Stewart has been teaching and working as a journalist for almost 40 years.

“I was a professor at California State University, Fullerton for five and half years. I retired from there in December 2018. I moved to Sacramento to be near my family, my grandkids, my son and his wife,” Stewart said.

At CSUF, she advised the award-winning Daily Titan.

Before that, Stewart worked as an investigative reporter at the Indianapolis Star and then the Riverside Press-Enterprise.

After that, she worked as a journalism professor at West Virginia University, and then at Oregon Public Broadcasting as an investigative reporter also working in multimedia.

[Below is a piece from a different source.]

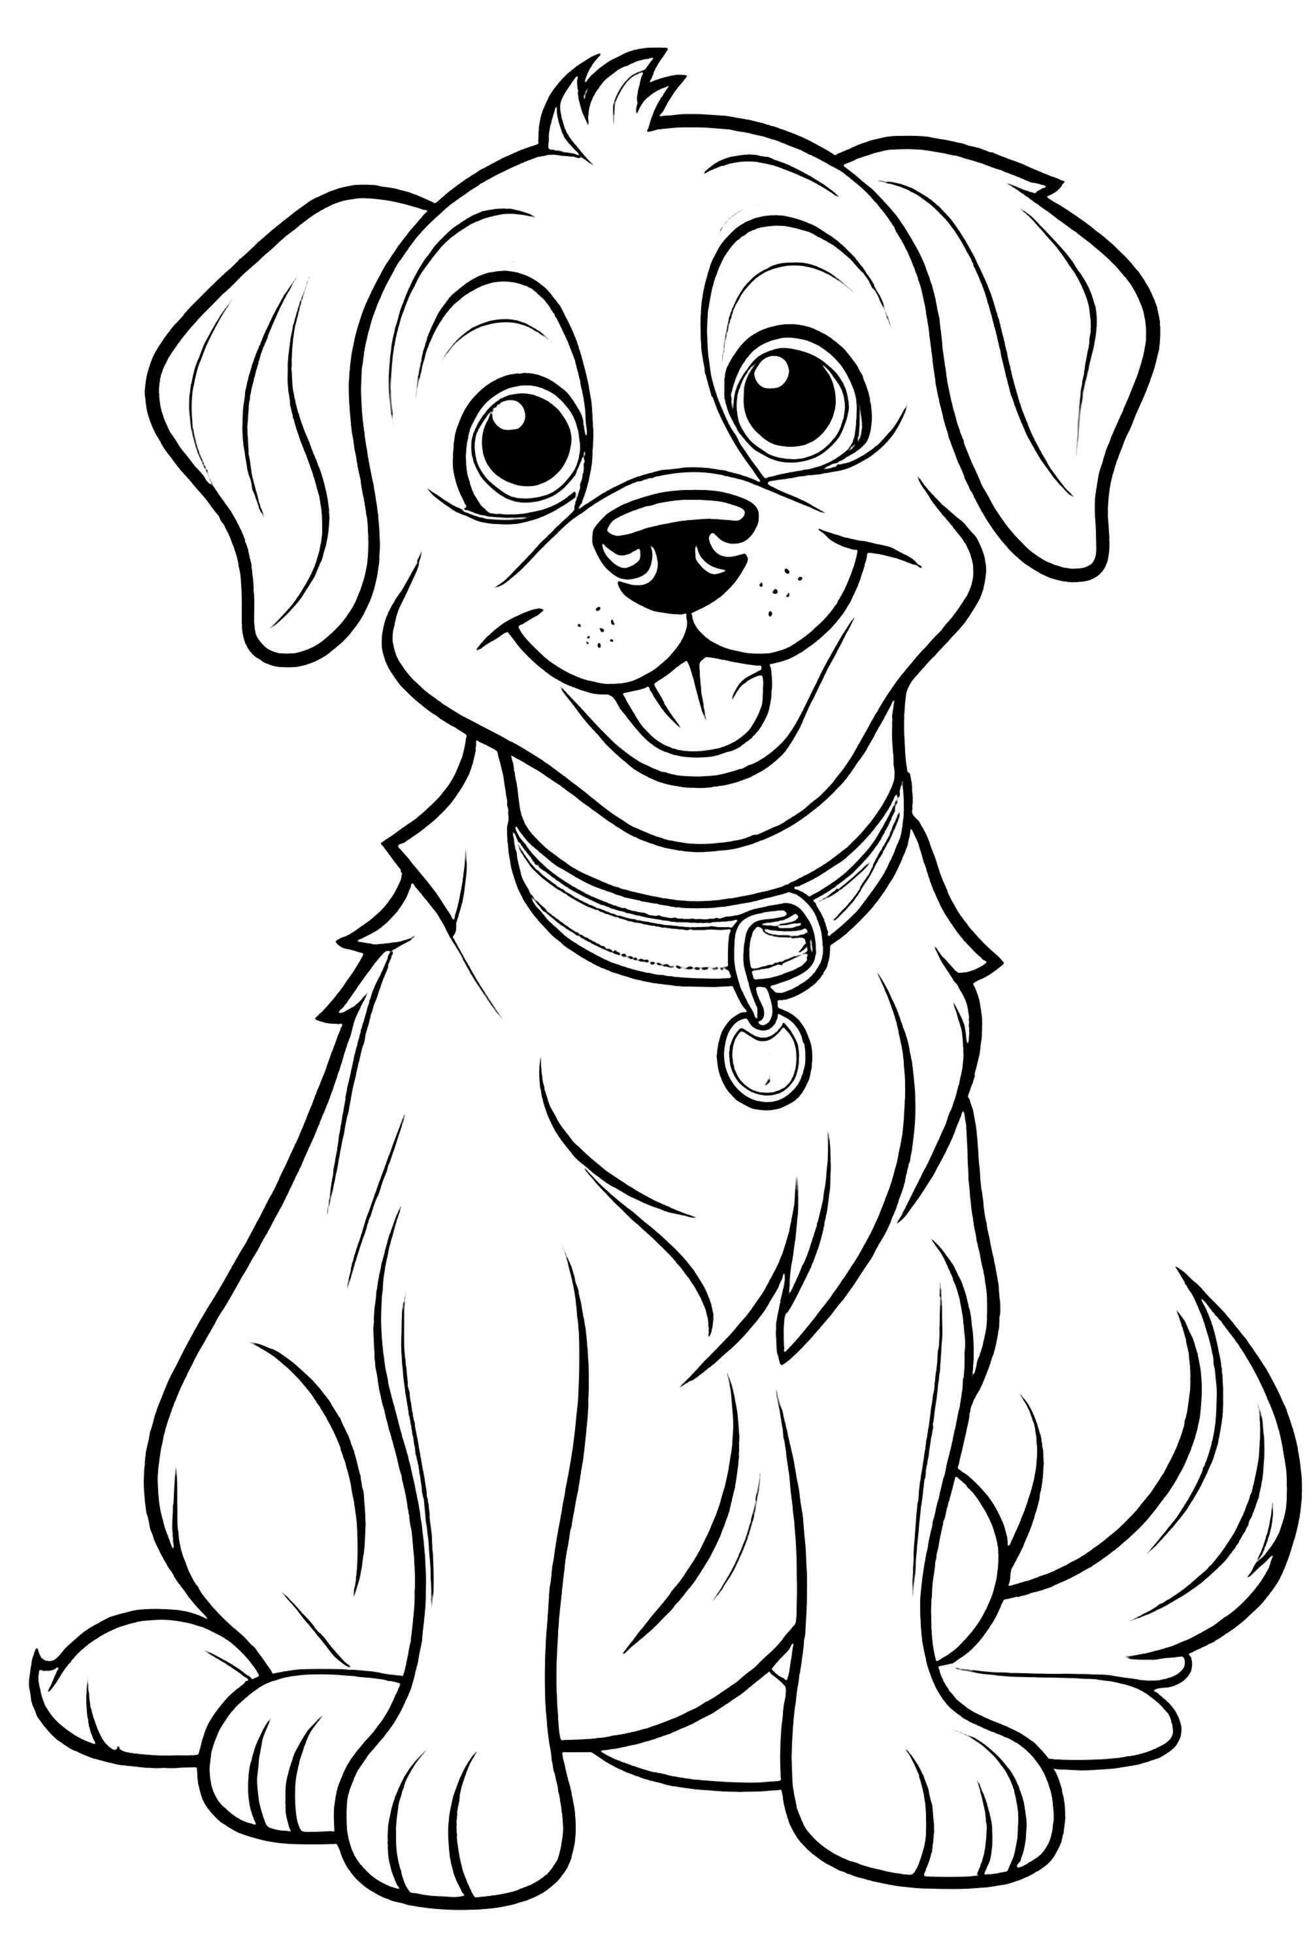 Coloring page outline of Kids Coloring Page 27986256 Stock Photo at ...

Stewart also cares deeply about justice and has reported on environmental stories and stories about the voiceless.

“I think journalism is something that has to be around or democracy is going to be in big trouble. I think it’s so important to have free and fair journalism in this country,” Stewart said.

“There has to be unbiased news reporting, or people won’t know what’s really happening and then they can’t make good decisions.”

Stewart initially took up the adviser position at Country Day because of her passion for journalism.

Since Stewart’s joining 3 years ago as advisor, The Octagon has won dozens of awards, including the most recent General Excellence award from the California News Publishers Association.

English teacher Jane Bauman commended Stewart on her ability to adapt when she initially joined the Octagon staff.

“I think it was an enormous task to come into a school that you’re unfamiliar with, that has its own very specific culture and has years of tradition behind The Octagon, and take over,” Bauman said. “But she certainly was very professional. She really brought her expertise to The Octagon and elevated the newspaper.”

Stewart’s favorite part about working as The Octagon’s adviser was being able to mentor students in journalism. She loved being able to watch students work, talk about reporting and observe the staff’s process as they discovered the issues they wanted to cover in the newspaper.

Now, Stewart is ready to enter a new chapter of her life.

“I got a new puppy, I have a Roadtrek travel van, my sister just moved to the coast of Oregon and I want to be free,” she said.

As she bids farewell to The Octagon staff and the Country Day community, Stewart imparts her final words of advice to the staff: “Seek truth and report it.”